Experimental results on the combustion of single, isolated aluminum particles, laser ignited in quiescent environments consisting of pure N2O, CO2, CO and in mixtures of 21% O2/79% N2 and 21%O2 / 79% Ar are reported. Combustion measurements consisted of photographic observations and electron probe microanalysis (EPMA) of the condensed-phase product composition and radial distribution. Aluminum particles in O2, CO2, and N2O atmospheres were found to burn with envelope flames. Of these oxidizers, the largest flame envelope, as determined by the condensed-product distribution, occurred for Al combustion in the O2/Ar mixture, followed by Al combustion in the O2/N2 mixture, the CO2 atmosphere, and the N2O atmosphere. Combustion in the CO atmosphere appeared to occur on (near) the particle surface with only a weak envelope reaction. Consistent with previous results in the literature, Al particle disruption was not observed in O2/Ar environments, but was observed in O2/N2 environments. Although speculated in the literature, the present work confirms the existence of aluminum nitrides (oxy-nitrides) in the fuel-rich region near the particle surface for nitrogen-containing oxidizers (i.e., O2/N2 and N2O). Equilibrium calculations indicate that near the surface, solid-phase AlN may exist to temperatures well above the melting temperature of aluminum oxide. Thus, its presence may affect the fragmentation process. Finally, condensed-phase carbon (possibly in the form of aluminum carbide) was found throughout the surrounding gas-phase for CO combustion.

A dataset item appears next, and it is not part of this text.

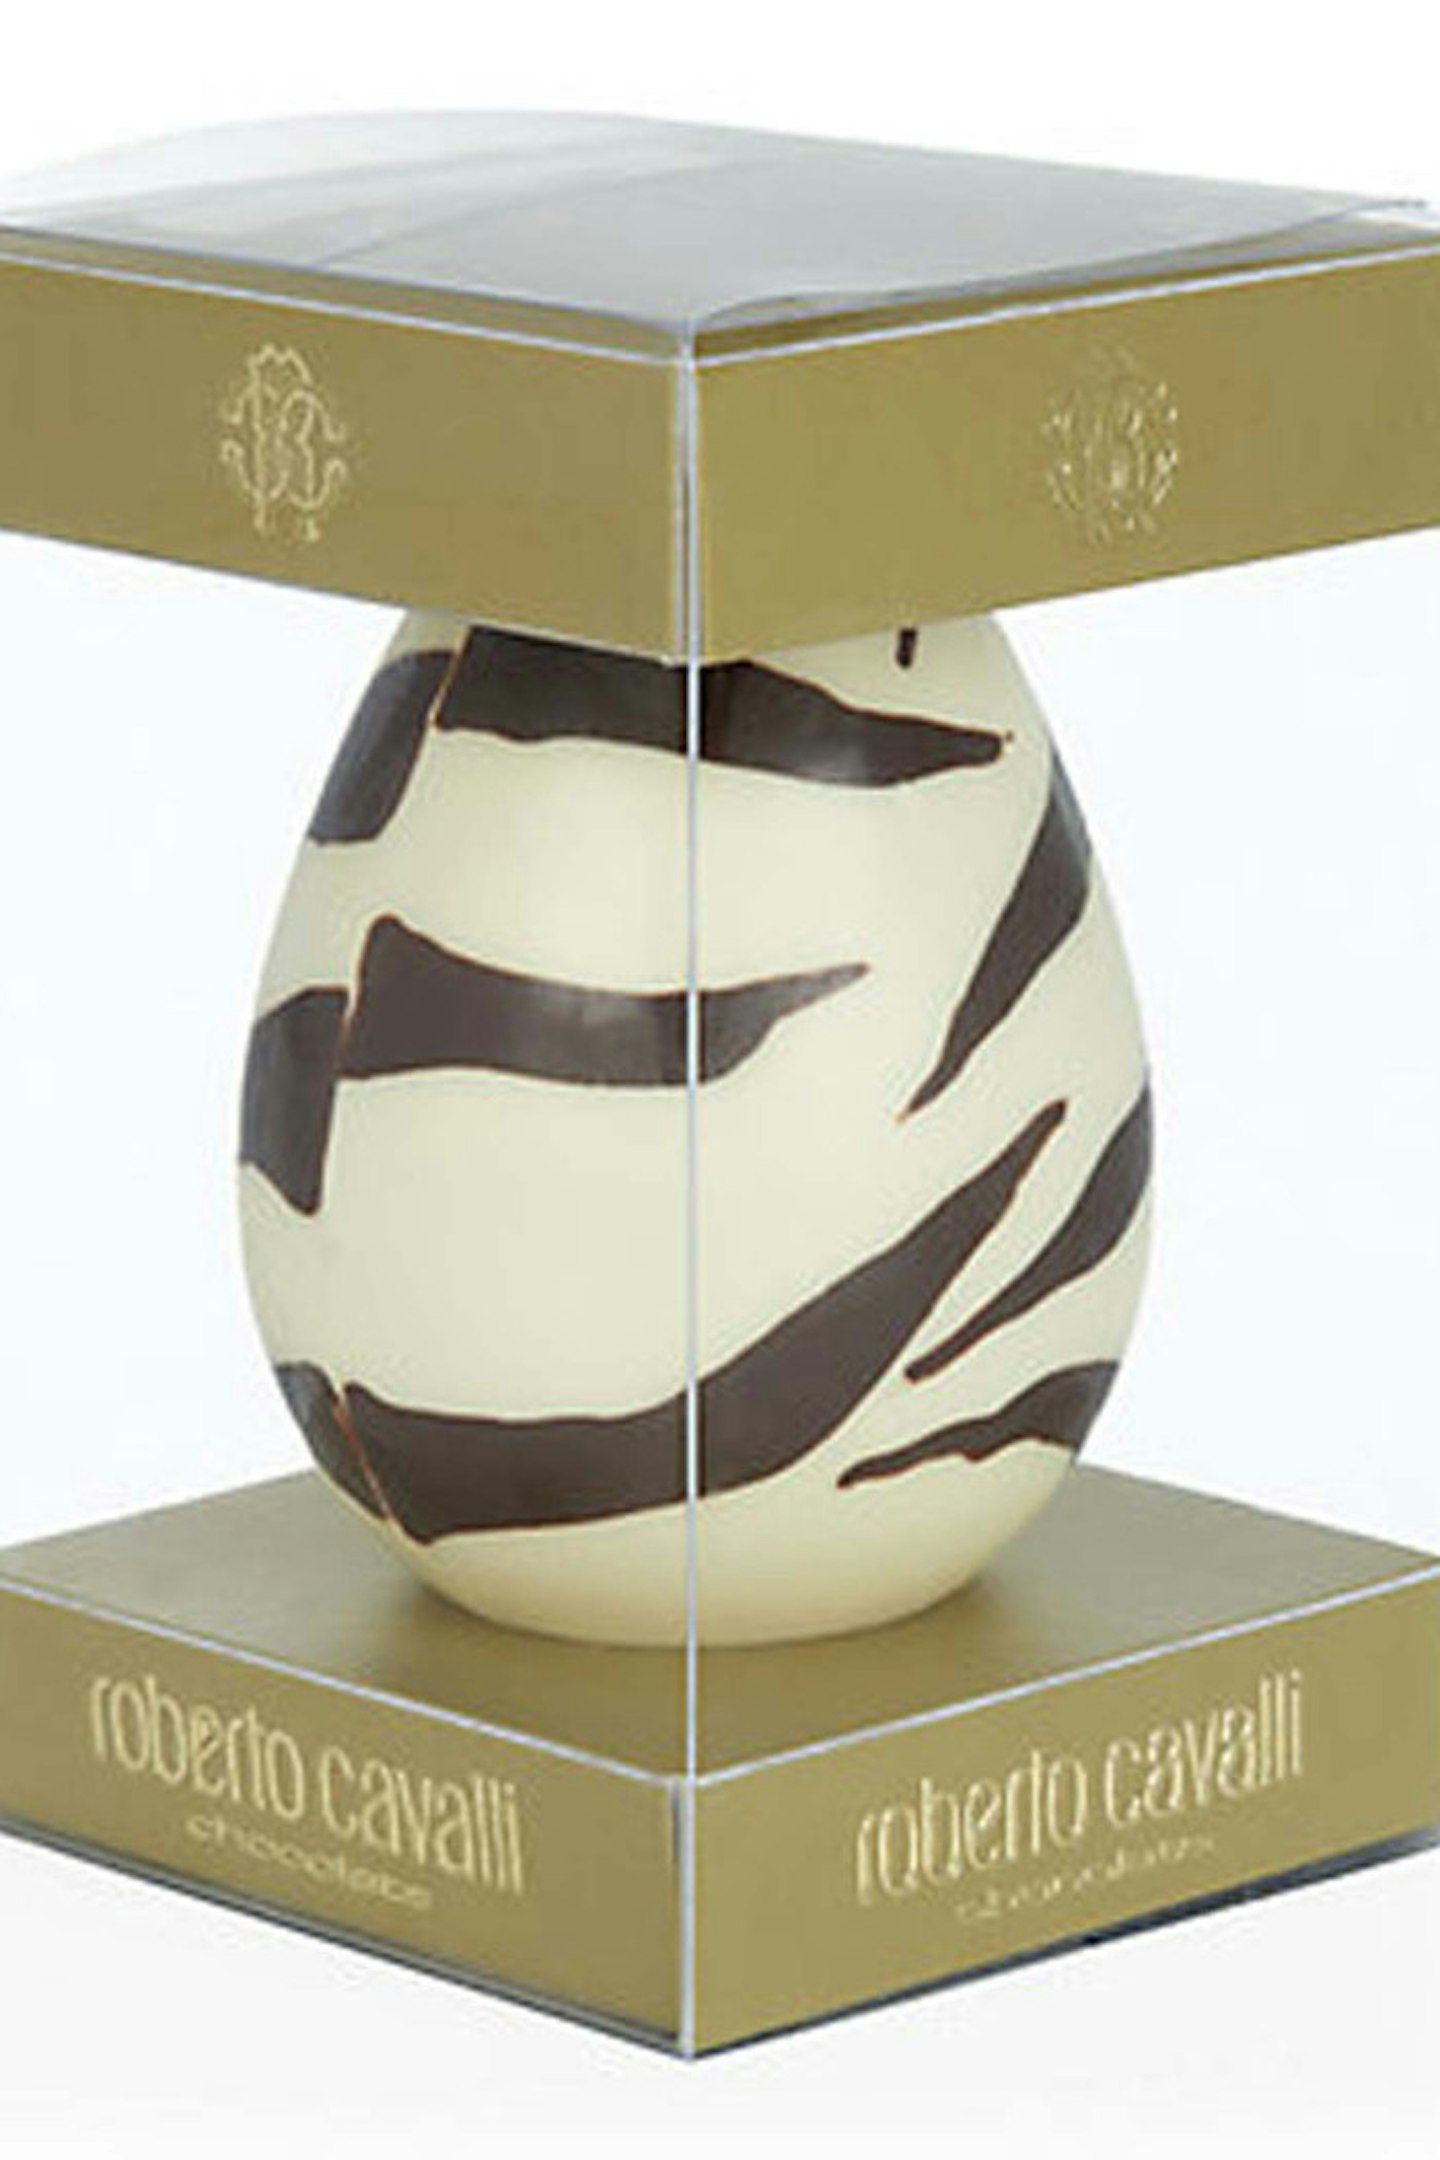 Roberto Cavalli Zebra White Chocolate Easter Egg 29.95 harrods

Original languageEnglish (US)
Pages (from-to)351-361
Number of pages11
JournalCombustion and Flame
Volume117
Issue number1-2
DOIs
StatePublished - Apr 1 1999

All Science Journal Classification (ASJC) codes

  • Chemistry(all)
  • Chemical Engineering(all)
  • Fuel Technology
  • Energy Engineering and Power Technology
  • Physics and Astronomy(all)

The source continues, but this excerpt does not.